除去宇文如钺和宇文公主的衣物等日常用品外,剩下的大多都是宇文公主的玩具和书籍。宇文如钺在素心斋处理公务,所有与公务有关的东西,都放在素心斋,至于他的私人物件,在尘微堂少之又少,自然也没有什么稀奇的事。
秋萝当然知道,不可能一下子就找到他们需要的东西。但已经住了十天,仍然一点进展都没有,远在国都的国师开始失去了耐心,对她这次沂城之行大为不满。
“主子,小的猜测,这尘微堂里恐怕早已经收拾干净。就算有什么暗门秘道,也应该隐藏起来。”秋萝的随从上前献计:“主子和文姒夫人相处了这么些天,也知道她是个嘴严的人。小的们也在德明侯府四处打听,也查不到线索。小的觉得……主子应该主动出击!”
“主动出击?”秋萝琢磨着,这些天,她负责在外围打听消息,她带的随从分成两队,一队渗透到德明侯府的每一个角落,打探消息,另一队则在沂城的大街小巷听听传说。
十天过去了,他们都一无所获。他们所能打听到的,都是胡相国和岳中尉所打听到的,根本没有任何价值。
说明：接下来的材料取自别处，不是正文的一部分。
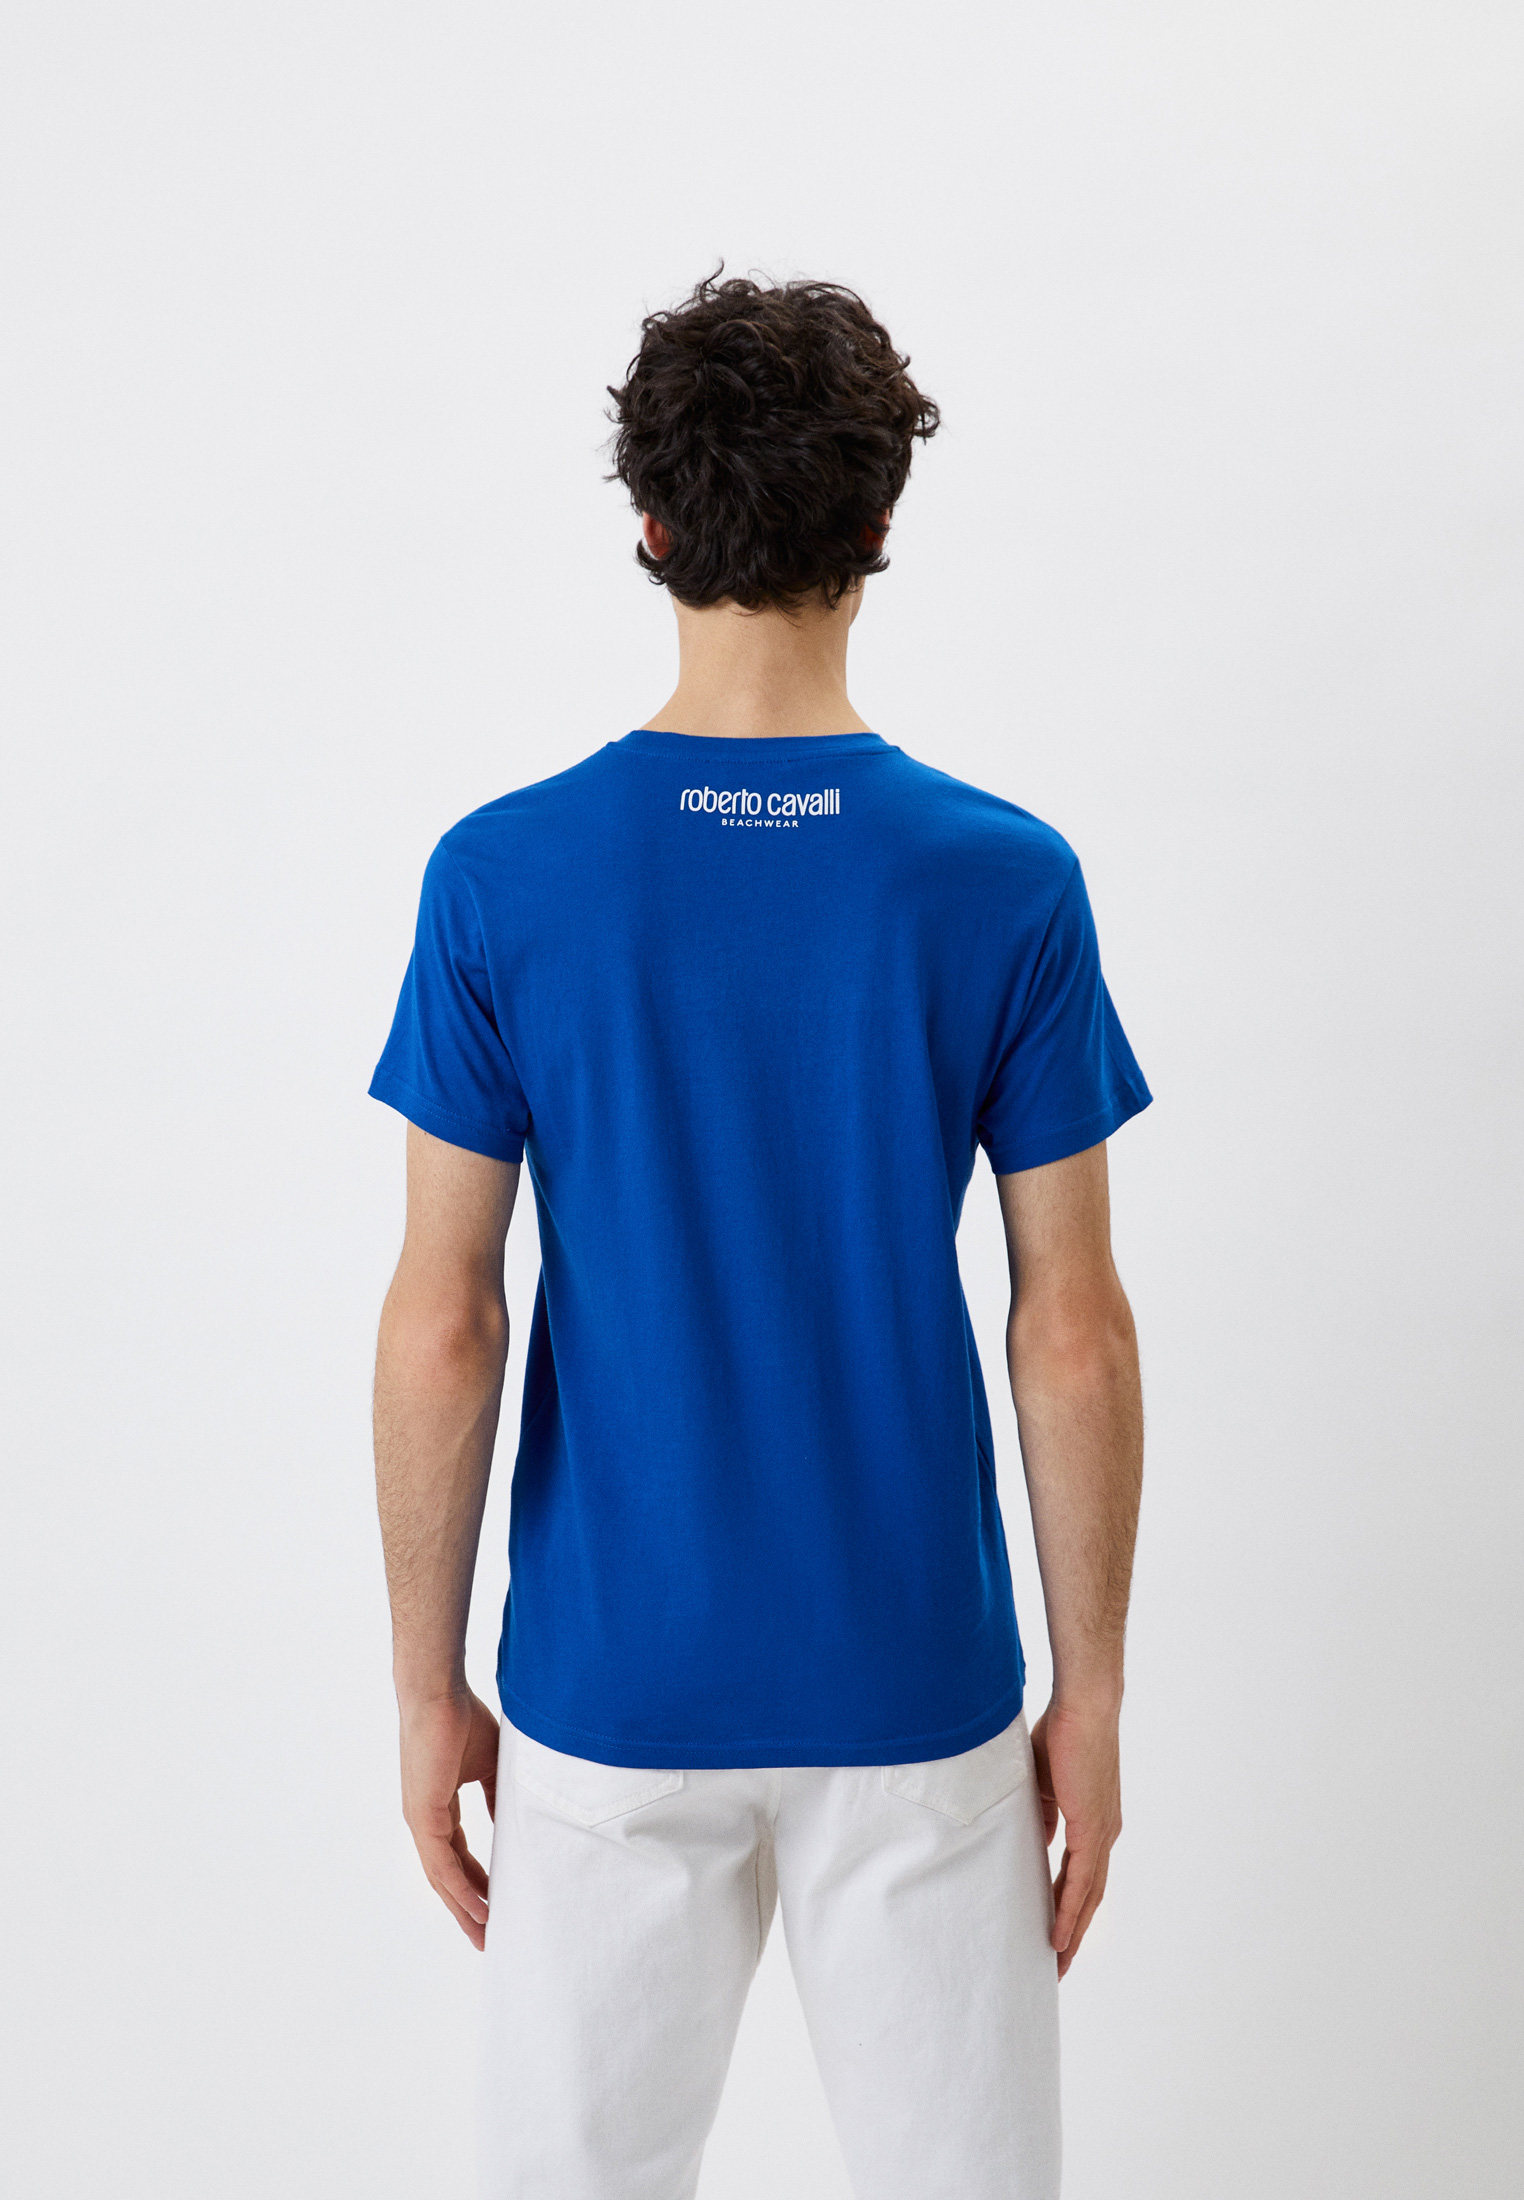 Мужская футболка Roberto Cavalli (Роберто Кавалли) HSH01T: изображение 6

如果他们再不想办法弄出一些有用的线索来,国师肯定不会放过他们。
“既然是来查那个小丫头的,不如直接去问她!”秋萝觉得这个办法好,这段时间正好文姒夫人也累瘫了,在清心阁休养,这也利于她的行动。
秋萝打扮一番之后,带着随从来到了宝音馆。
远远的,秋萝就闻到宝音阁那传来一股特殊的味道。她捂着鼻子,厌恶的说:“这都是什么啊!怎么这么难闻?”
“哦,这是我家小姐养宠物的地方。夫人您站在下风口,所以闻的难受。”下人赶紧把秋萝领到另一条路上,七拐八拐的,才拐到了宝音馆的侧门。
宇文如钺当初把喜中霖安排在宝音馆,就是因为宝音馆在侯府的角落里,而且还处在下风口,唱戏什么的不会影响到别人。如今拿来养宠物了,周边又是花花草草大树流水的,就更加适合了。
宝音馆的屋里养了大大小小无数个笼子,都是这些笼物的家。宇文如钺便叫人在院子的上风口处,辟了一块地,搭起棚子,做了个简易的小茅草房,自己带着宇文公主在这里住着玩。
宇文公主觉得住在小茅草房里特别的稀奇,每天还有这么多动物陪着,更加开心。
这些天,文姒夫人整天陪着秋萝,原伯庸看着心疼,跟上跟下的,没了心思教宇文公主读书,所以给她放假,让她整天泡在宝音馆里,跟这些动物玩耍。
秋萝走进宝音馆里,宇文公主正在骑鸵鸟。
这鸵鸟也是宇文如钺出高价从高鼻子蓝眼睛的洋商人那买来的,这鸵鸟的性子还挺犟的,刚来的时候,跟宝音馆里所有的家禽都打了架,还差点把鹦鹉咬死。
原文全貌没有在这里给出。